### Supplied material ###

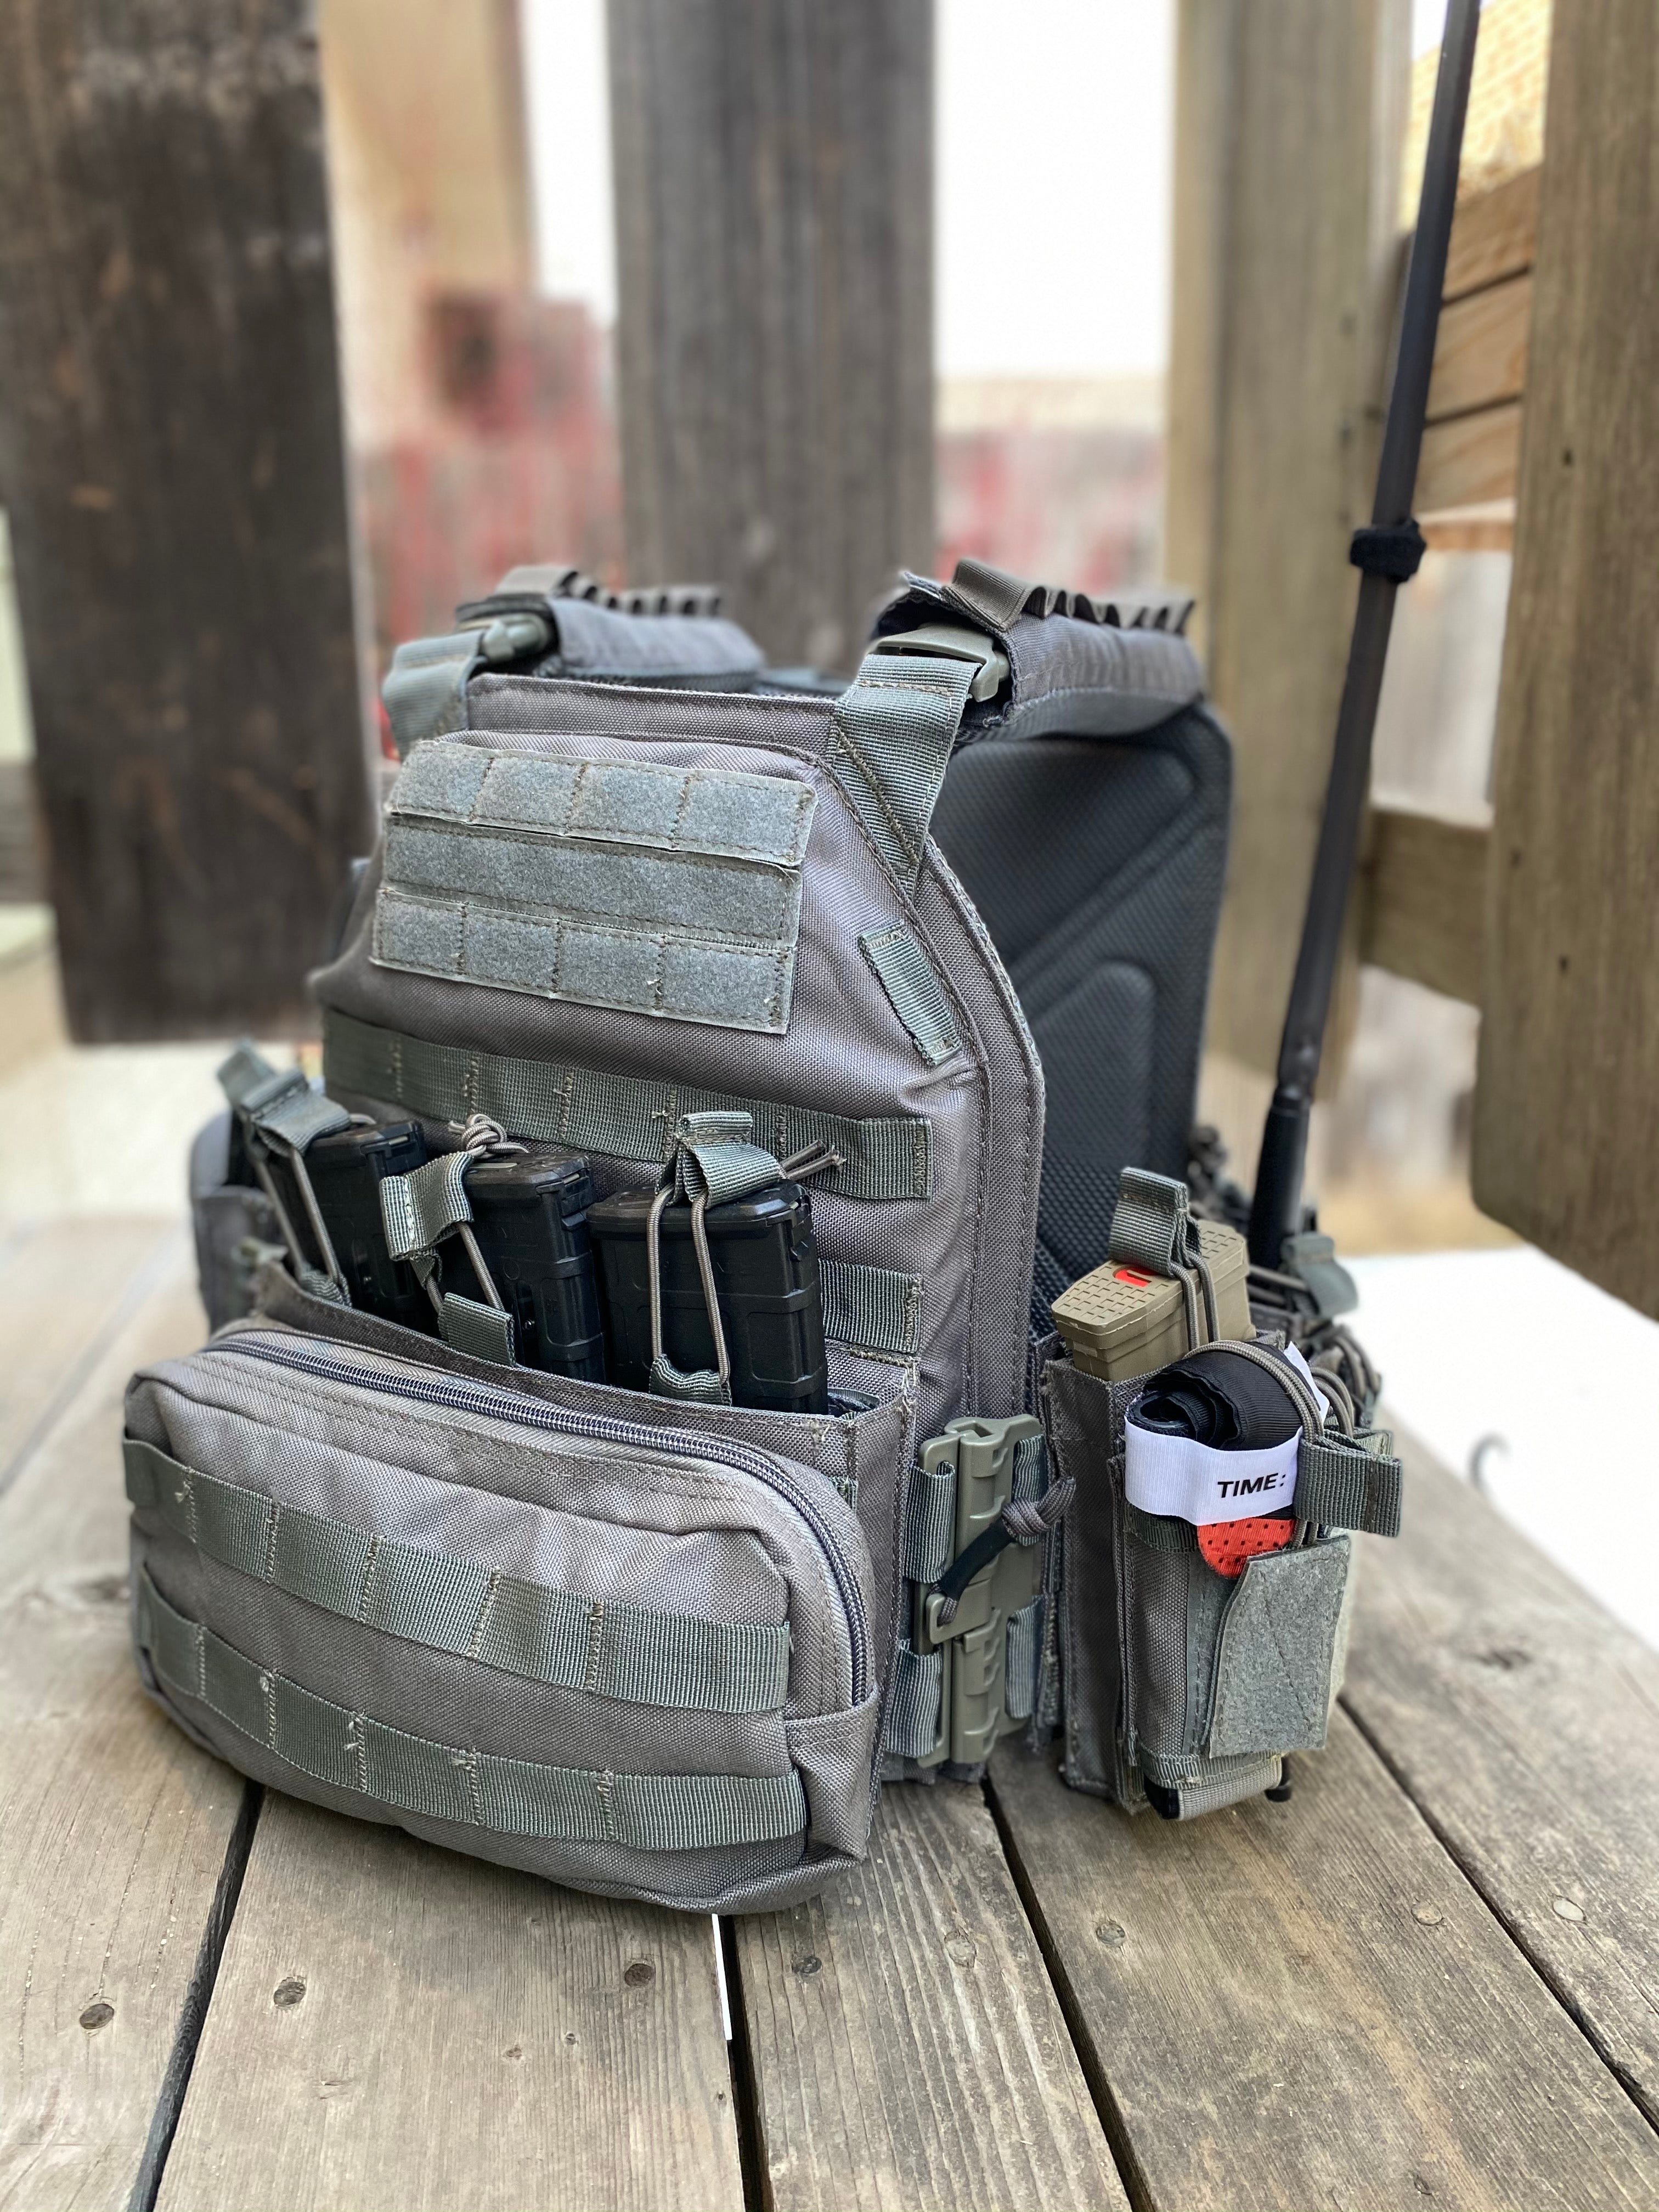 The YK-1 Plate Carrier
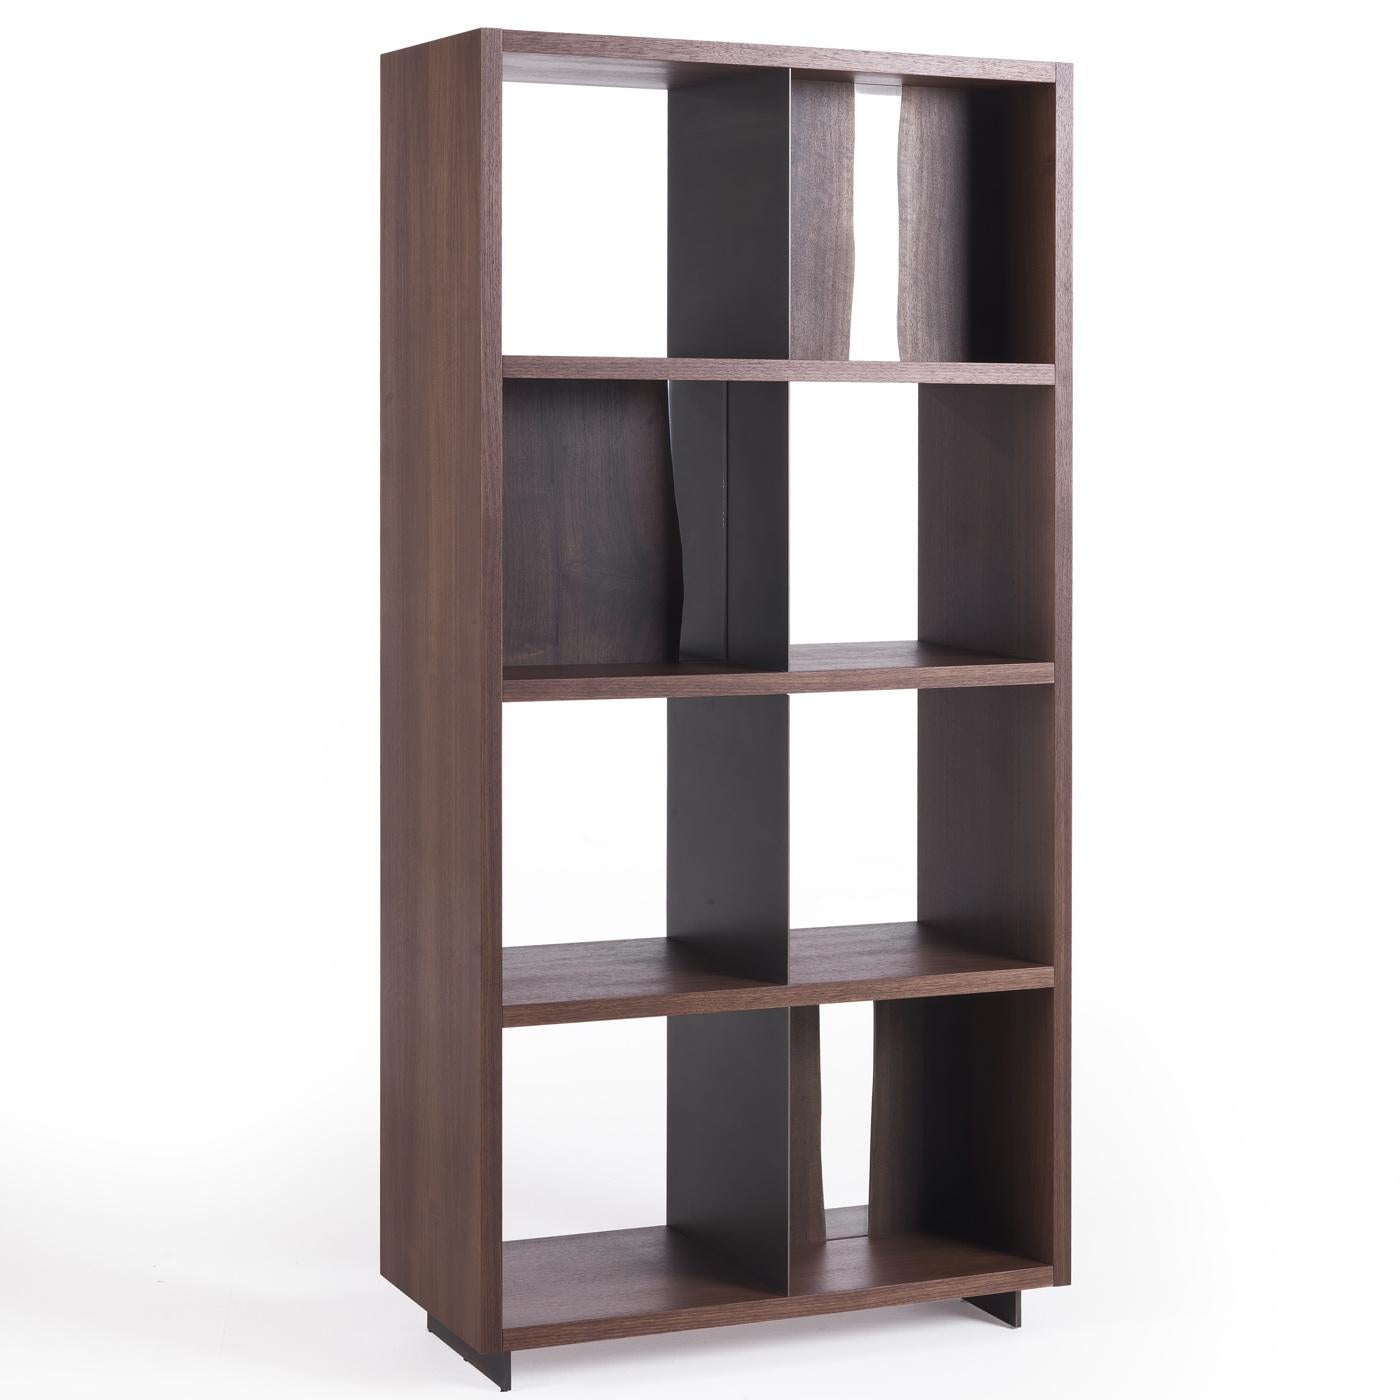 A magnificent modern piece of skillful, traditional craftsmanship, this striking bookcase is entirely crafted of Canaletto walnut wood, showcasing its natural dark hue. The piece is composed of four shelves, each with two compartments which are
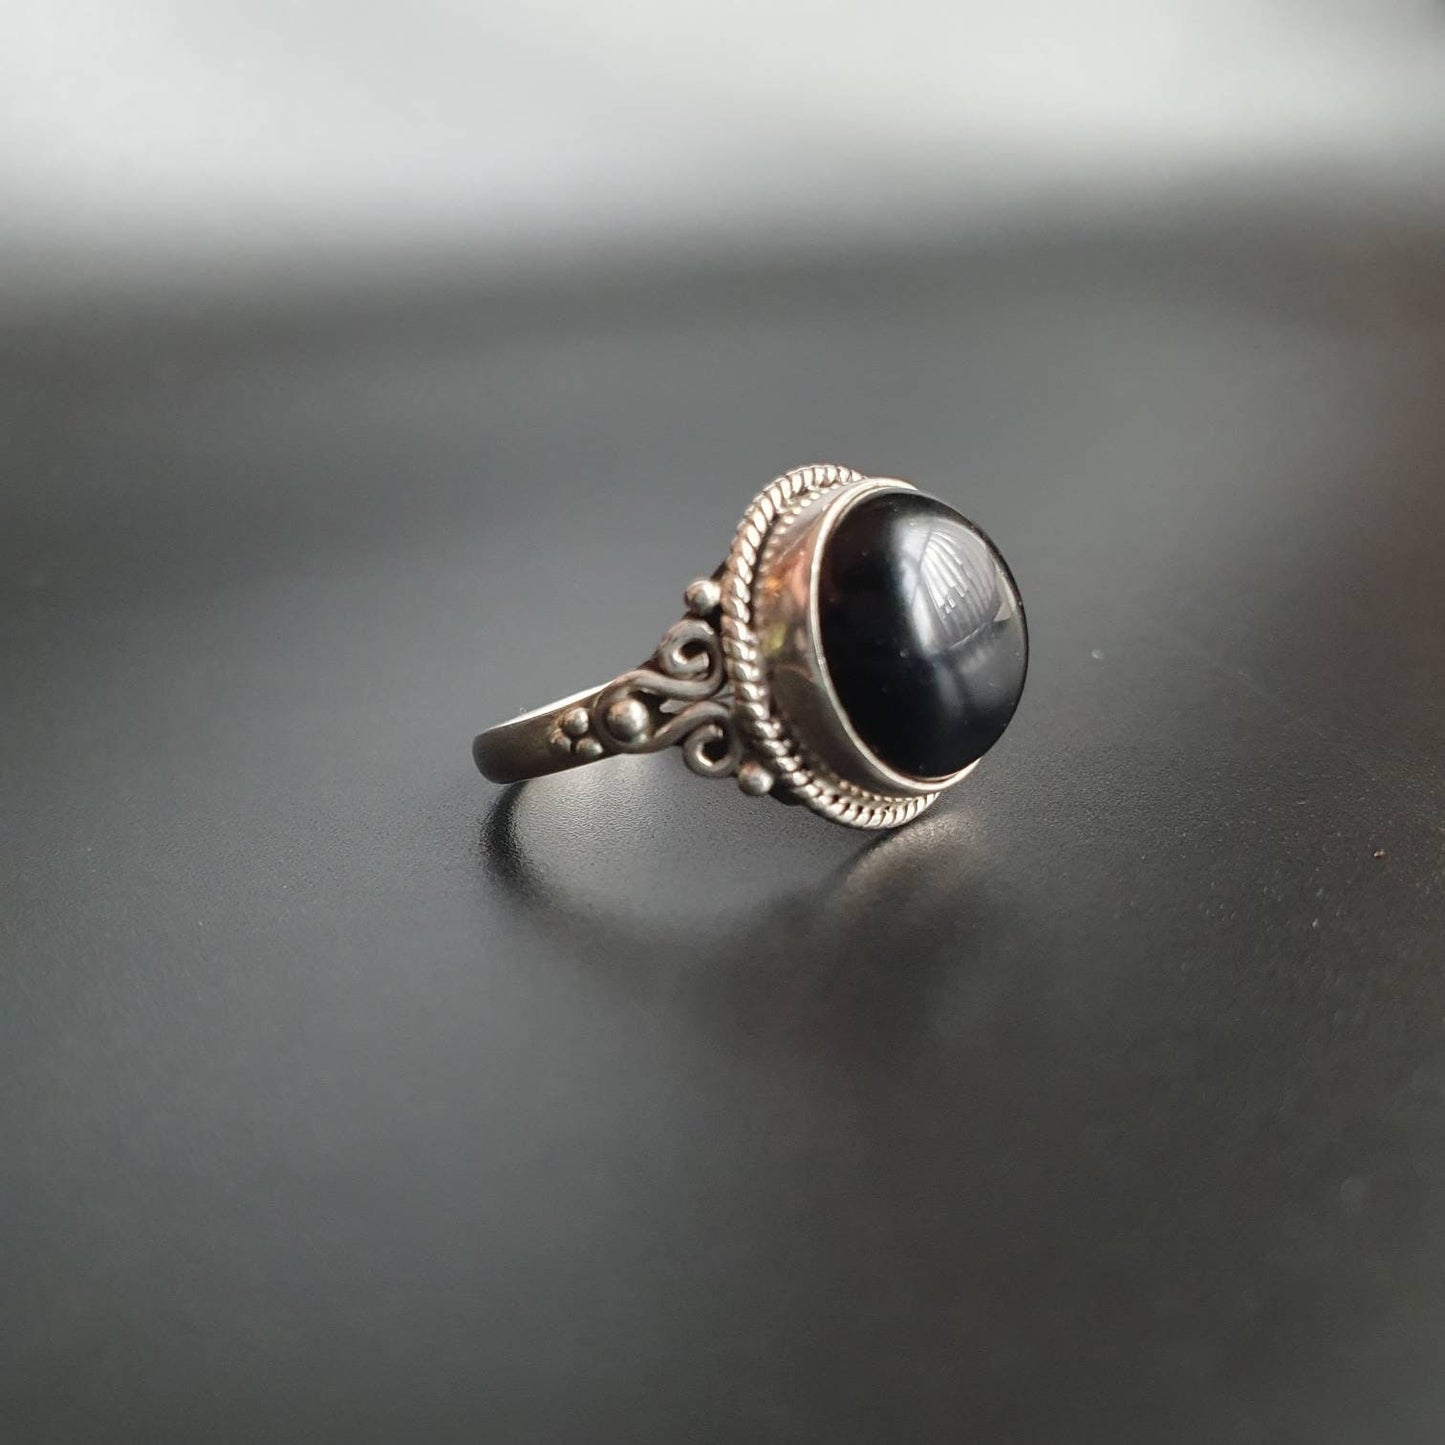 Silver ring, gothic Ring, tribal jewelry, sterling silver ring, statement ring, unisex ring, witchy cult, gypsy witch,boho witch,925, onxy
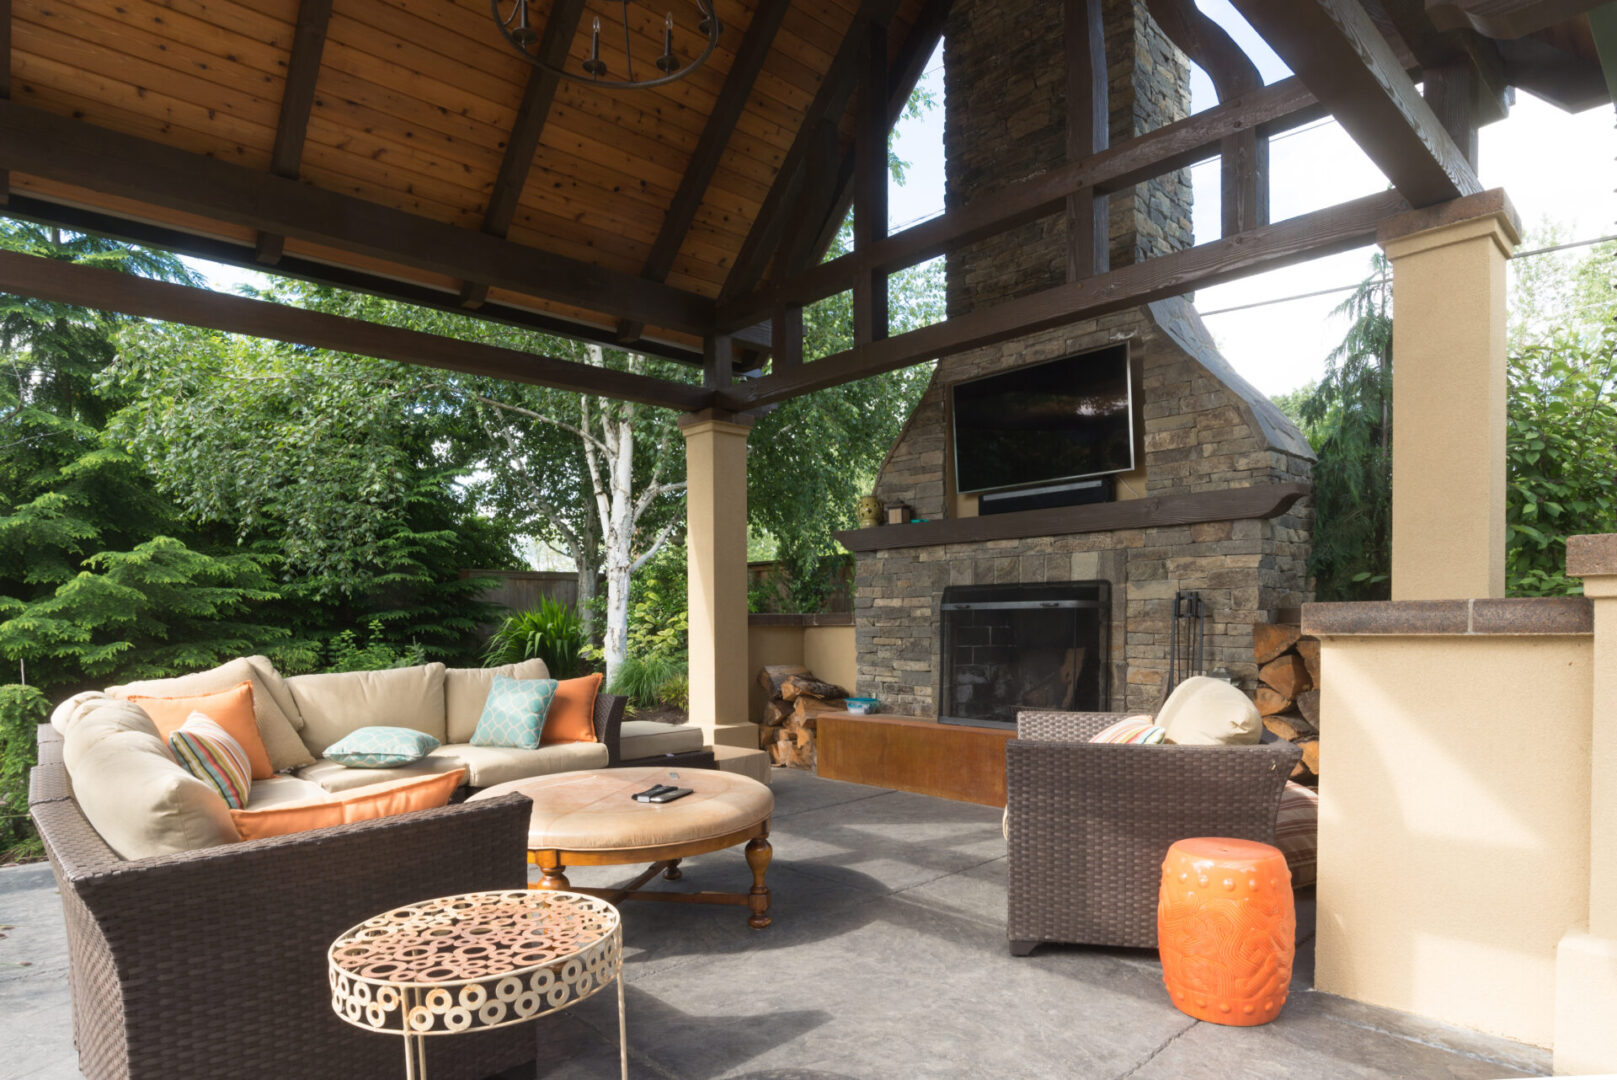 A large outdoor living room with a fireplace.

###

▸ Action item
Pictures are not part of the copy; transcribe the rest of the data verbatim.

▸ Answer to this problem
 The YK-1 Plate Carrier
 A magnificent modern piece of skillful, traditional craftsmanship, this striking bookcase is entirely crafted of Canaletto walnut wood, showcasing its natural dark hue. The piece is composed of four shelves, each with two compartments which are
 Silver ring, gothic Ring, tribal jewelry, sterling silver ring, statement ring, unisex ring, witchy cult, gypsy witch,boho witch,925, onxy
 A large outdoor living room with a fireplace.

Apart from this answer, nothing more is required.